Fellini non ha bisogno di presentazioni. Il suo nome è strettamente legato alla storia del cinema italiano del dopoguerra. Quanti soggetti, quante sceneggiature portano la firma del giovane romagnolo (nato a Rimini il 20 gennaio 1920)! Dal tempo dei primi film di Macario (Imputato alzatevi!) e dell’apparizione sullo schermo di Fabrizi (nei tormentati anni della giovinezza Fellini è stato “poeta di compagnia” nella troupe d’avanspettacolo guidata dal comico romano), il cammino compiuto del neo-regista è piuttosto notevole. Ha collaborato (sempre come soggettista e sceneggiatore) alle più importanti opere di Rossellini, di Lattuada, di Germi. Citiamo a caso una serie di titoli che rappresentano un contributo sostanzioso al nostro cinema moderno: Roma città aperta, Paisà, Francesco Giullare di Dio, Il delitto di Giovanni Episcopo, Senza pietà, Il mulino del Po’, In nome della legge, ecc.

Adesso con Luci del varietà, senza trascurare le sue ormai acquisite prerogative (è autore del soggetto e collaboratore alla sceneggiatura) egli ha allungato la gamba ed ha tentato il passo nuovo. Diciamo subito che non ha certo messo il piede in fallo. Luci del varietà, entro i limiti di ambizioni e di intenti molto modesti, è un film vivo e — sotto certi aspetti — abbastanza intelligente. Lattuada e Fellini mettono in luce un linguaggio sincero. Senza voler strafare saremmo tentati di dire “quasi con umiltà”, ci raccontano la loro storia presentandoci il mondo dei guitti secondo una documentazione umana. È questo sapore di umanità che ci avvicina ai personaggi del film e ci induce a condividere le dolorose peripezie. Soprattutto ci piace Luci del varietà perché Lattuada e Fellini hanno chiuso la porta in faccia al facile macchiettismo. Far ridere raccontando le vicende di una troupe di guitti è un poco come voler arredare una casa ricorrendo soltanto ai magazzini Upim. Costa molto poco. Allo stesso modo come è possibile con le povere ballerine di varietà premere il pedale del sentimentalismo formato-famiglia. Bene o male al melodrammatico buffone che sulle scene vive di gioconde illusioni e dietro le quinte si dispera in una iniqua realtà, possono essere più che sufficienti le note del compianto Leoncavallo.
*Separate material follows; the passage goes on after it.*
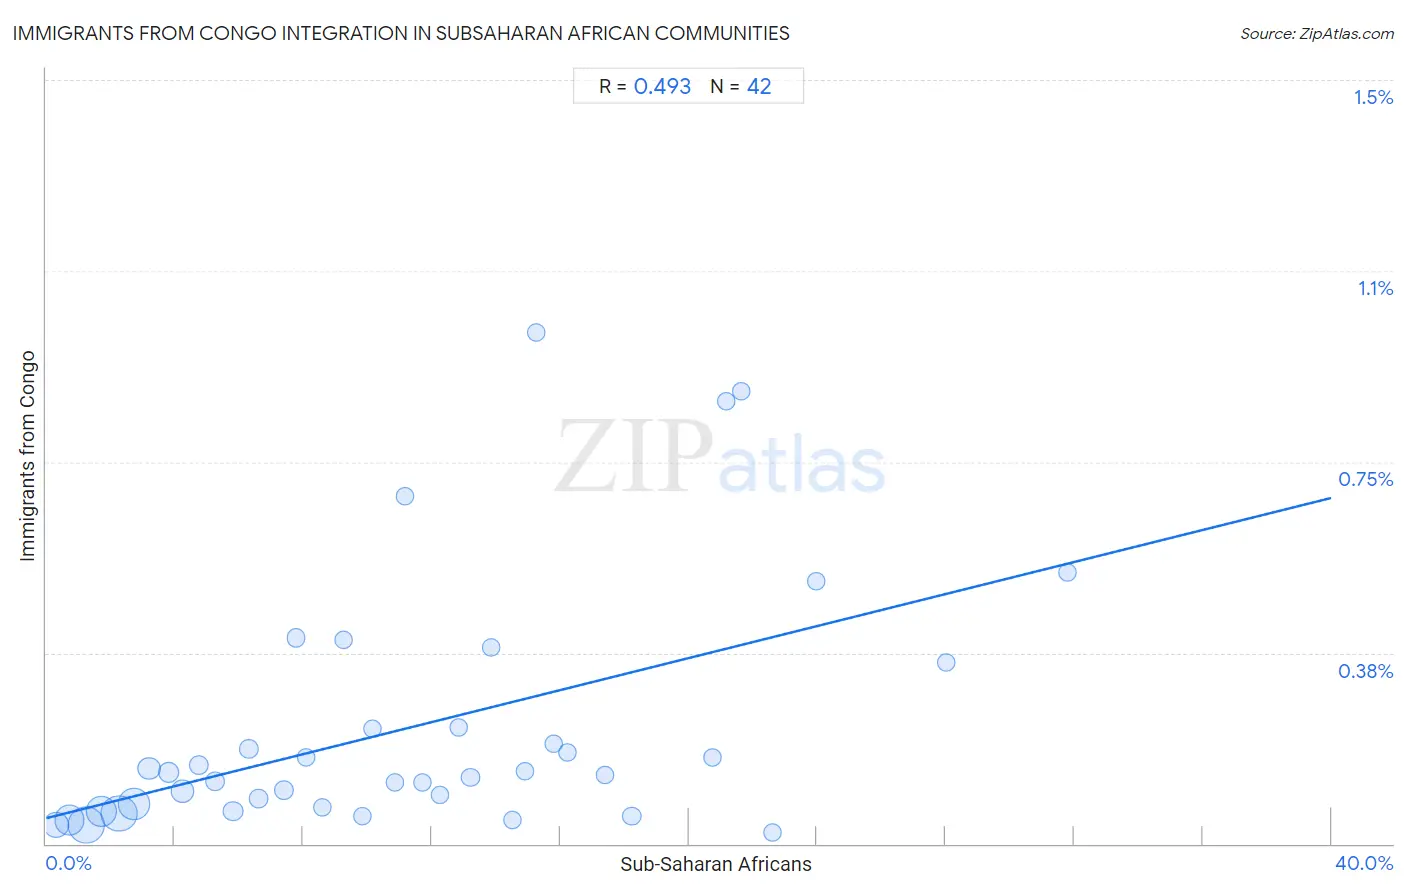 Subsaharan African Integration in Immigrants from Congo Communities

Ma il discorso che Lattuada e Fellini hanno voluto tenerci con Luci del varietà ha ben altre intenzioni. Il mondo della rivista è formato da creature strane ma pur sempre fatte in carne ed ossa. A questa carne e a queste ossa i due registi hanno dedicato il loro interesse di narratori cinematografici. Che creativamente essi abbiano realizzato in pieno le intenzioni, non diremmo. Luci del varietà non è un’opera perfetta. Anzi imperfetissima. Ma il coraggio di affrontare un problema con una determinata angolazione ha pure la sua importanza. E noi vogliamo proprio far risaltare questa importanza e segnalarla.

(…)

Carla Del Poggio e Peppino De Filippo sono i protagonisti. Per entrambi l’interpretazione si risolve in un’altalena di luci e di ombre. La prima dimostra una ammirevole buona volontà, il secondo impiega il suo consumato mestiere. Ma il mestiere e la buona volontà evidentemente non sono tutto. Notevole invece Giulietta Masina (moglie nella vita privata di Federico Fellini, come la Del Poggio lo è di Lattuada). Qualcuno, tenendo conto che la musica del film è di Felice Lattuada — padre del regista — e che il direttore della produzione è Bianca Lattuada — sorella —; considerando inoltre la frequenza delle scene di danza, ha definito benevolmente Luci del varietà “quattro salti in famiglia”.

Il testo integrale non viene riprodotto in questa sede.